■ **SUPPLIED DATA**:

* * * * * * *

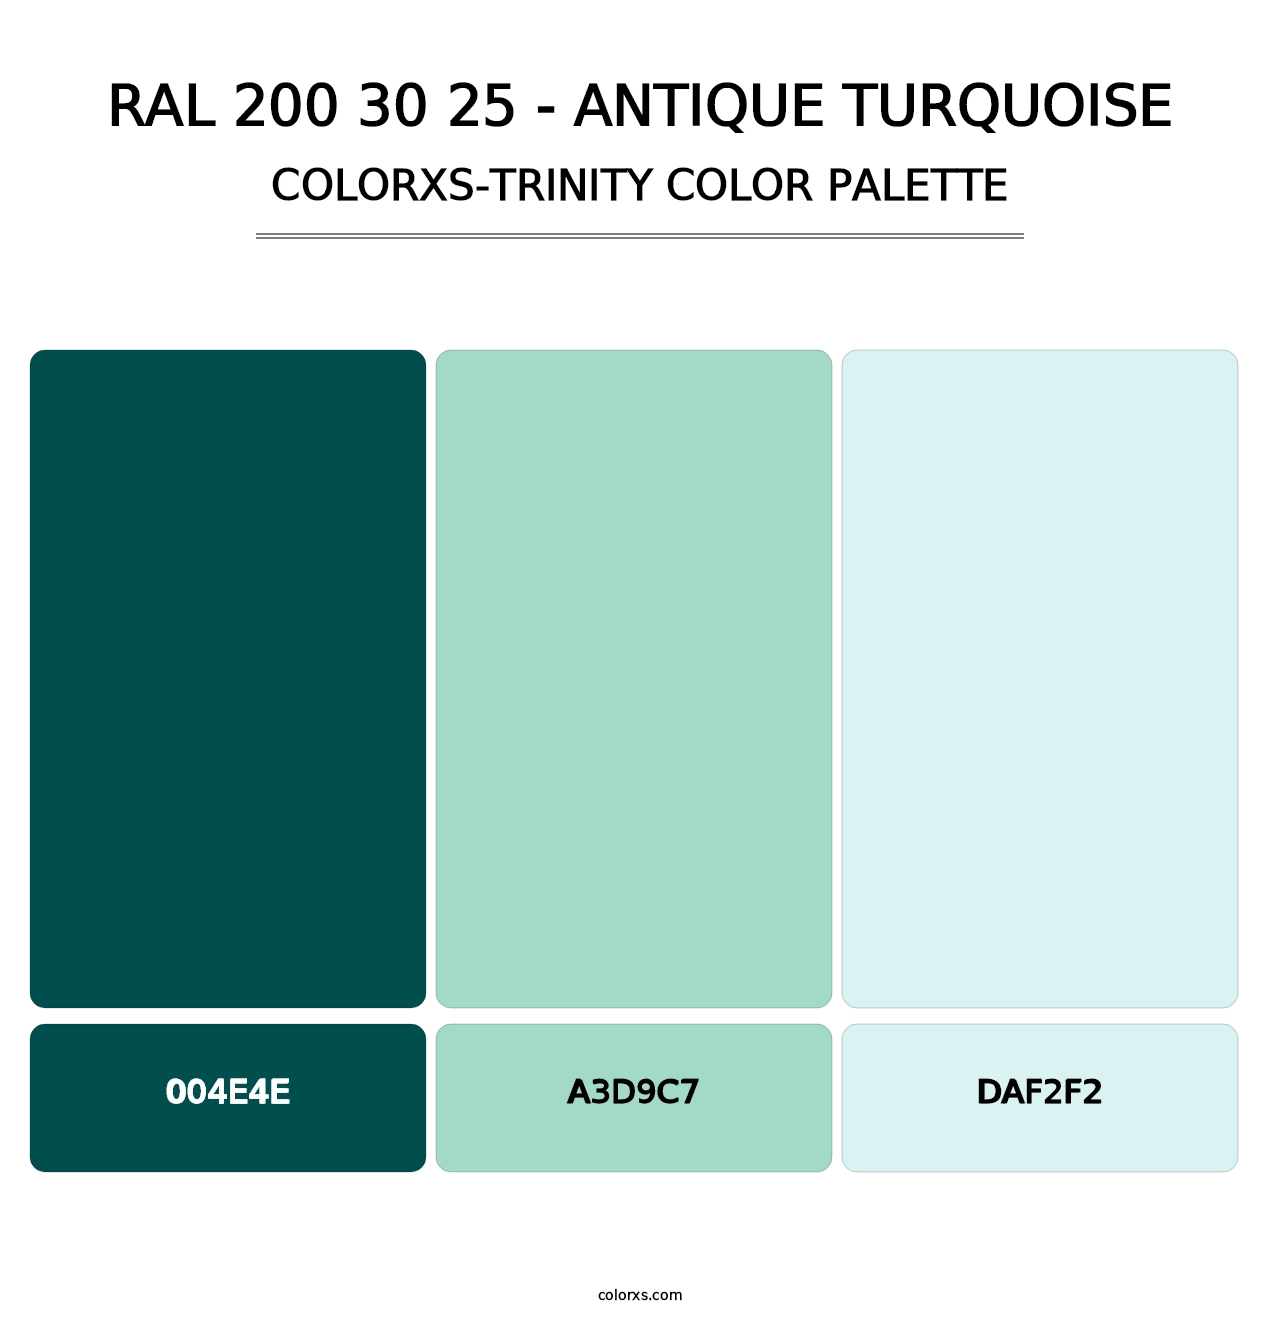 RAL 200 30 25 - Antique Turquoise - Colorxs Trinity Palette
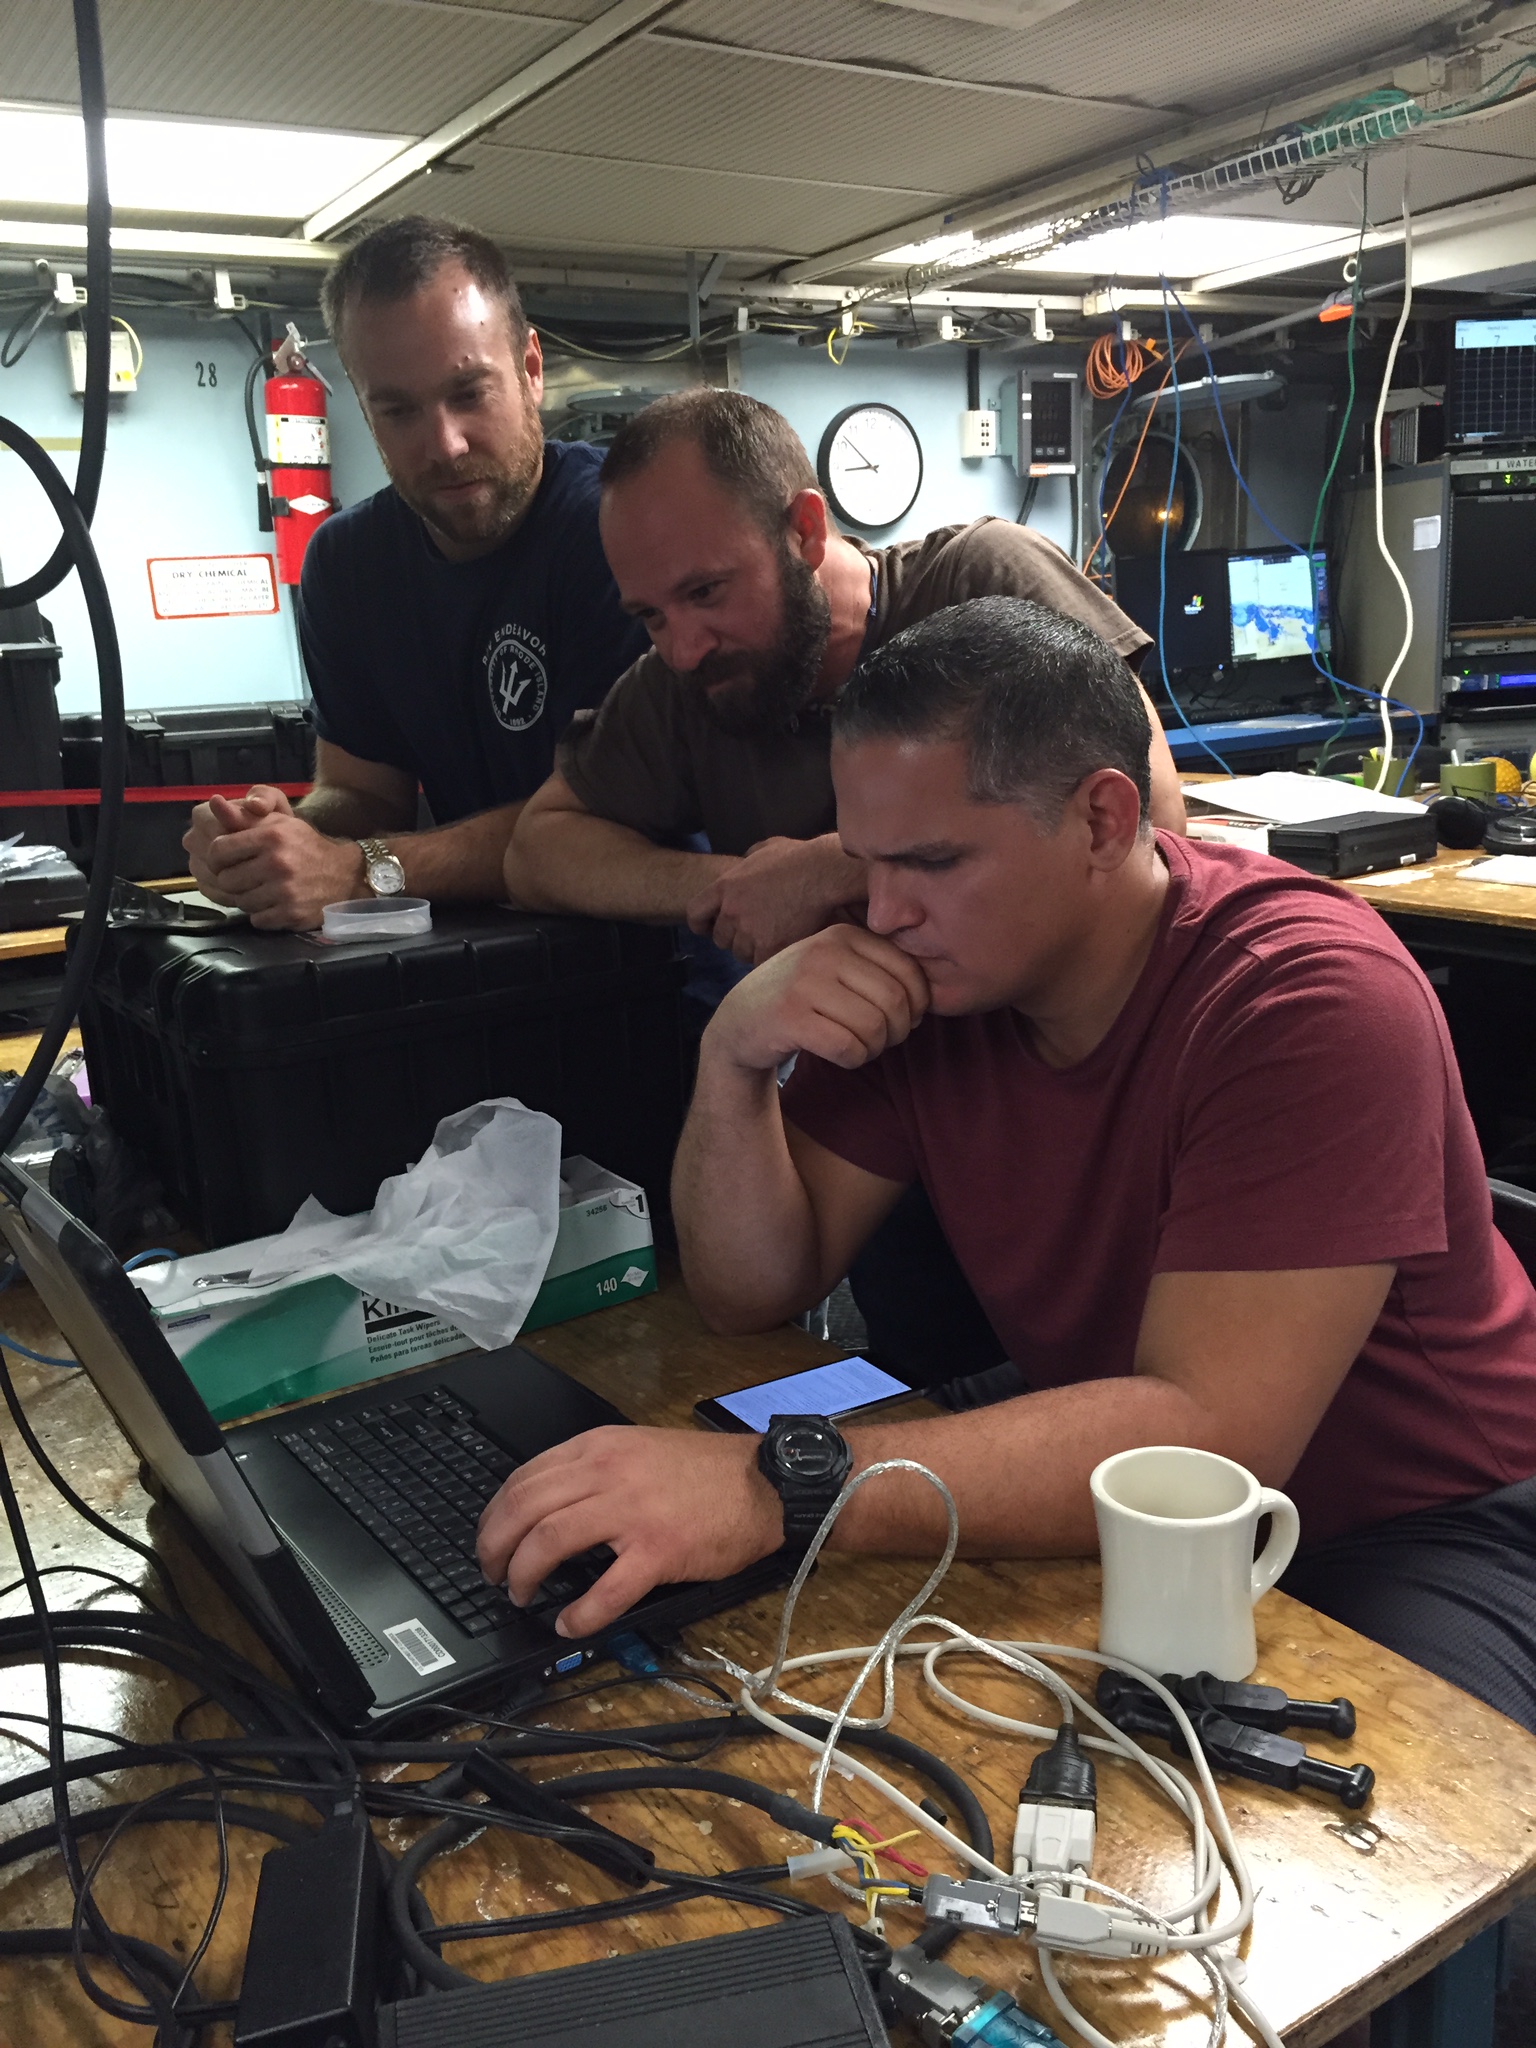 The team reviewing the CTD data on R/V Endeavor. Image credit: NOAA
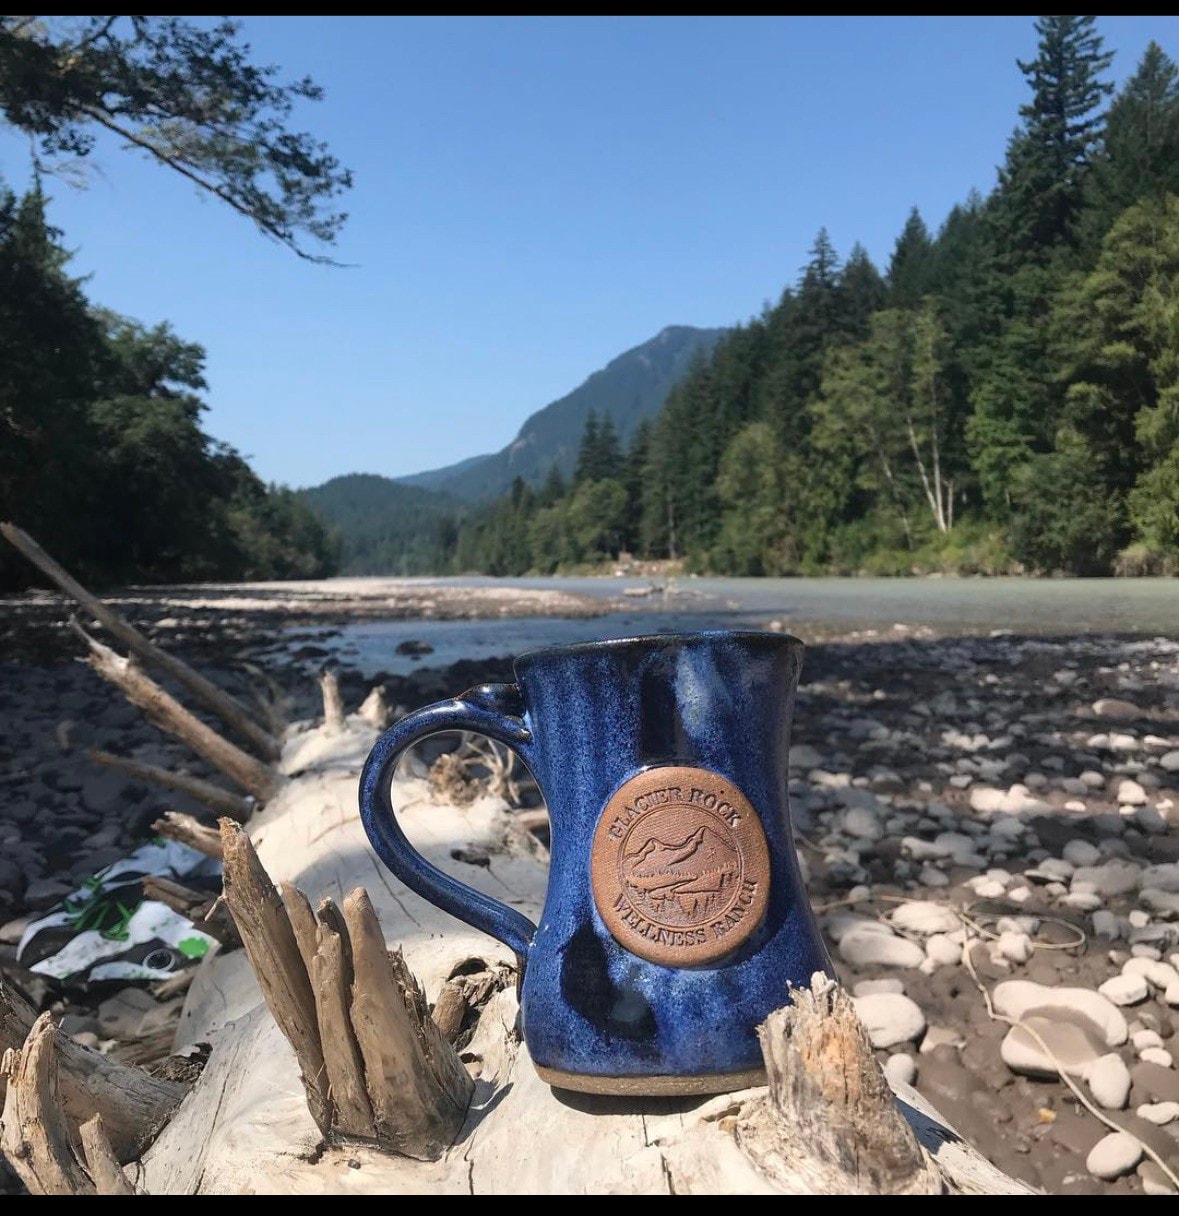 Camping by the Cowlitz River
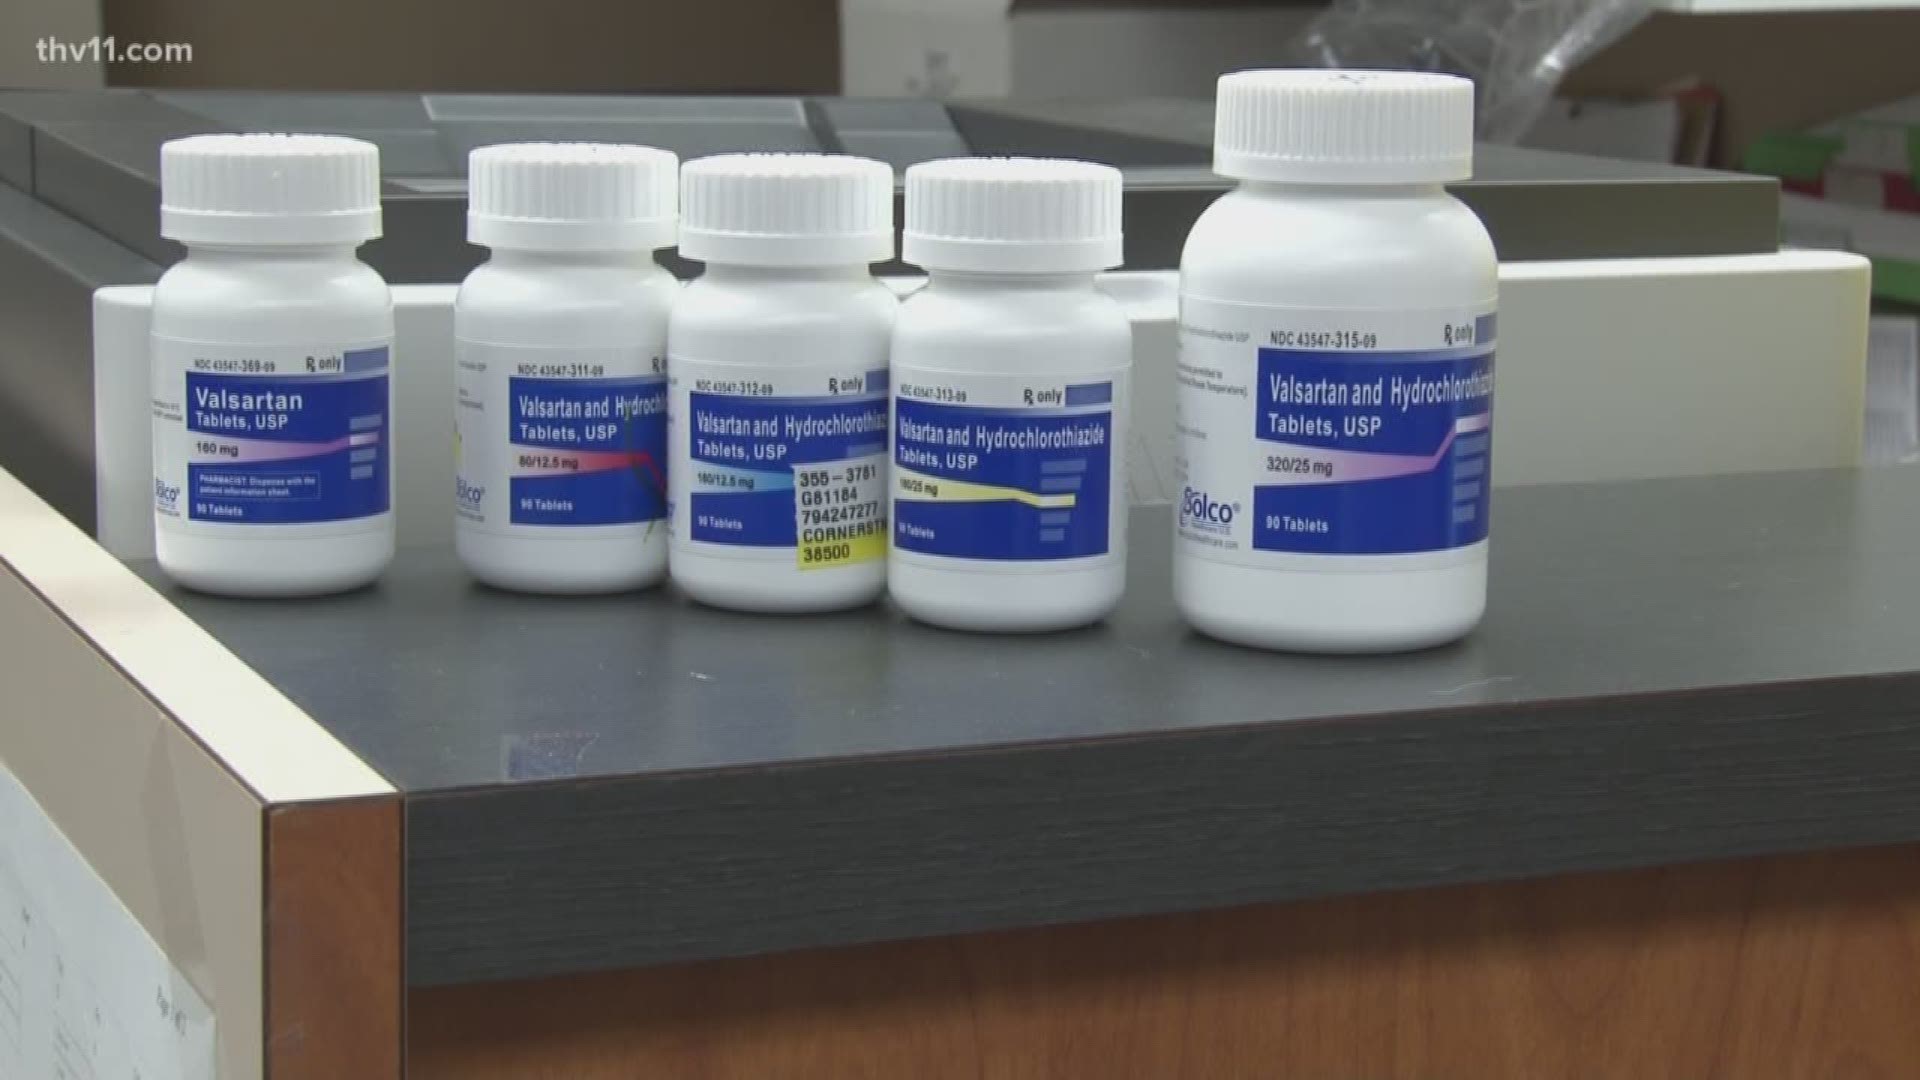 The FDA has added more manufactures to the recall list.

* * * * * * *

The reply should hold every line of the material above, unchanged, and no pictures.

 RAL 200 30 25 - Antique Turquoise - Colorxs Trinity Palette
 The team reviewing the CTD data on R/V Endeavor. Image credit: NOAA
 Camping by the Cowlitz River
 The FDA has added more manufactures to the recall list.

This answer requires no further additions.